In this context, let me share a “Doctor we trust you- I don’t want to Lose My Leg” story from 2017. Mr. Ganesh, a 2nd year student in civil engineering in Goa (name changed), walked into the clinic with a visibly uncomfortable limp. His lower leg and ankle were swollen, with angry blue-green veins screaming and coursing all along. I asked him if he could walk about and wince he did, with each step. And there was an ulcer along the old scar which was discharging pus. He had undergone two surgeries for bone tumor (Index surgery in 2012 & later for recurrence in 2014 at different hospitals).
Multiple scans were done to precisely ascertain if it was the infection which was troubling him or was it a recurrence of tumor. A biopsy confirmed relapse of tumor. So our team concluded that his relapse situation was complicated by a superadded infection of some rare superbug called “Acinetobacter” . His family shared that they were suggested to go for amputation the day pus started pouring, but they waited and hoped antibiotics would cure it. Summarizing what he had gone through and the road ahead, our team concurred that he would be better off rehabilitated early with an amputation below the knee.

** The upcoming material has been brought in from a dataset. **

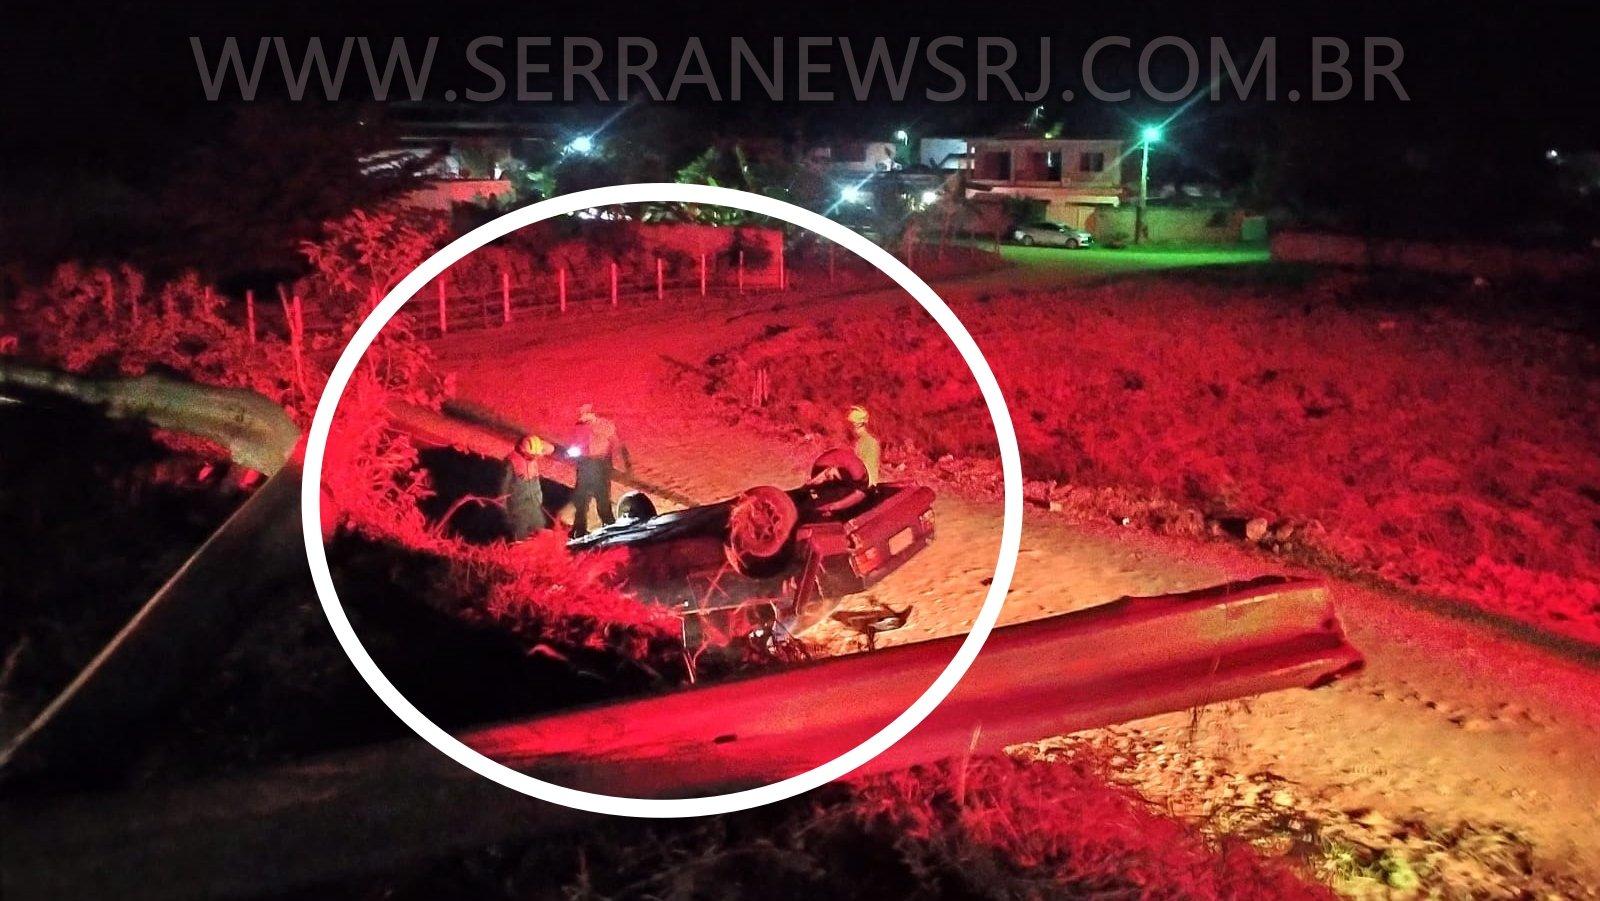 Acidente: Capotamento de carro deixa um ferido na RJ-116 em Aperibé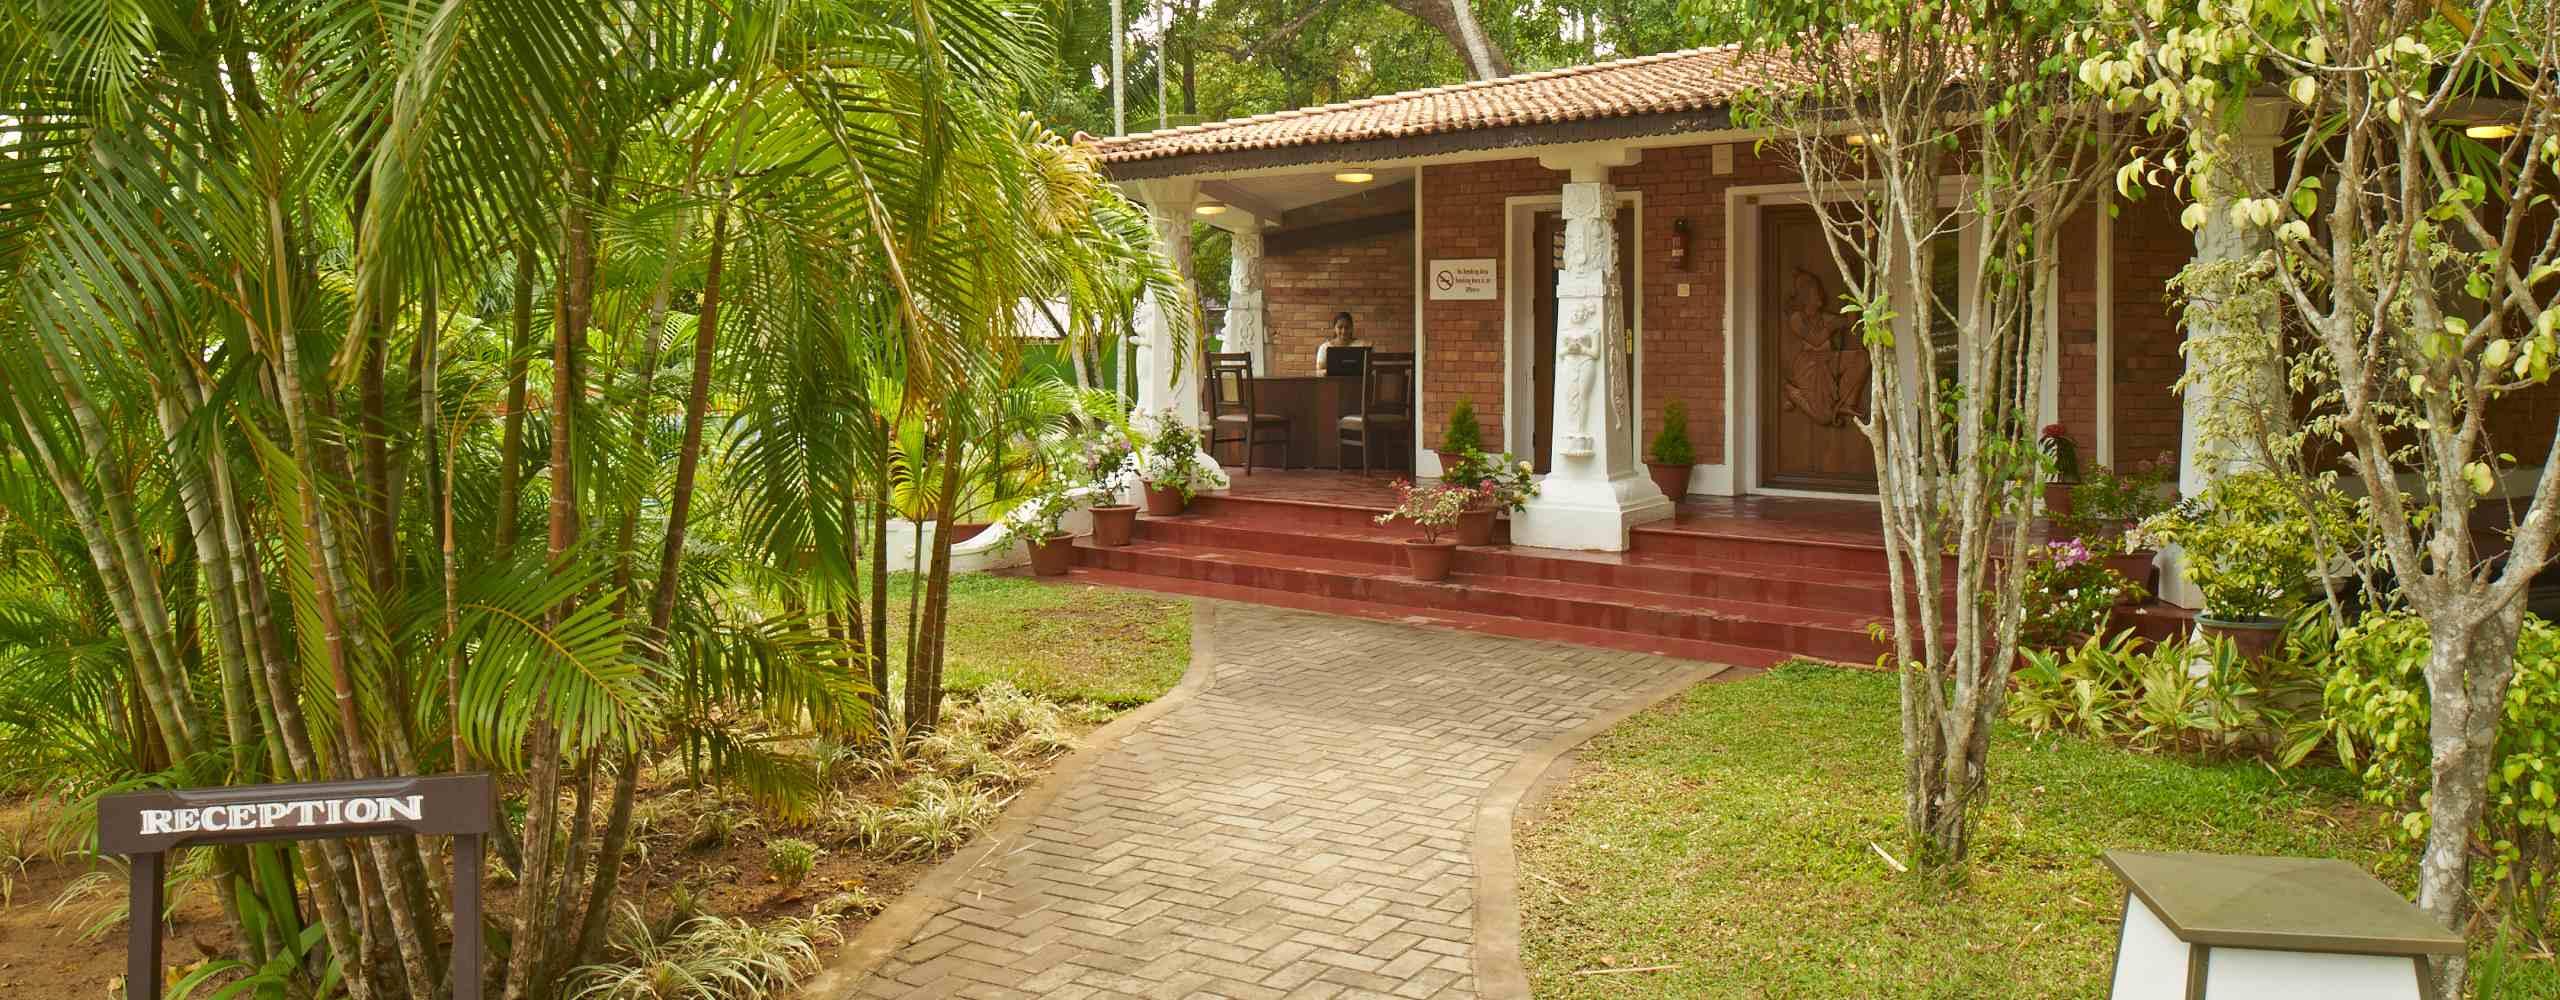 Club Mahindra Ashtamudi Kerala Image

Such situations in the lower leg (distal tibia) pose multiple challenges to surgeons. An inherent anatomical disparity in vascularity of distal tibia, a large relapsed tumor which has destroyed both the tibia & fibula bones around the ankle, a chronic superadded infection and a deficient soft tissue cover were just a few of the obstacles. This case needed an approach which would provide an adequate oncological disease clearance, maintain viable bone-implant-soft tissue for reconstruction to be able to cure him and help him walk. Often, this approach requires two or three stages of surgery. And this could possibly save his limb!
One would be fair to presume that I had gone to Goa to party ! But was instead wheeling in Mr. Ganesh at 7 am on 9th of September 2017 for the limb saving surgery. The procedure entailed stepwise removal of the tumor followed by reconstruction of the leg-ankle using a “Desi Jugaad-Nail Plate Cement Spacer Construct” as we call it and finally microvascular flap surgery (harvesting skin and muscle from thigh with intact blood supply). Our team involved myself (Orthopaedic Oncologist), Senior Orthopaedic surgeon and a microvascular-reconstructive surgeon. Mr. Ganesh’s Surgical Ordeal did end at about 10 pm, about 15 hours from the start line. And that beaming smile seeing his toes wiggle under the plaster said a lot more.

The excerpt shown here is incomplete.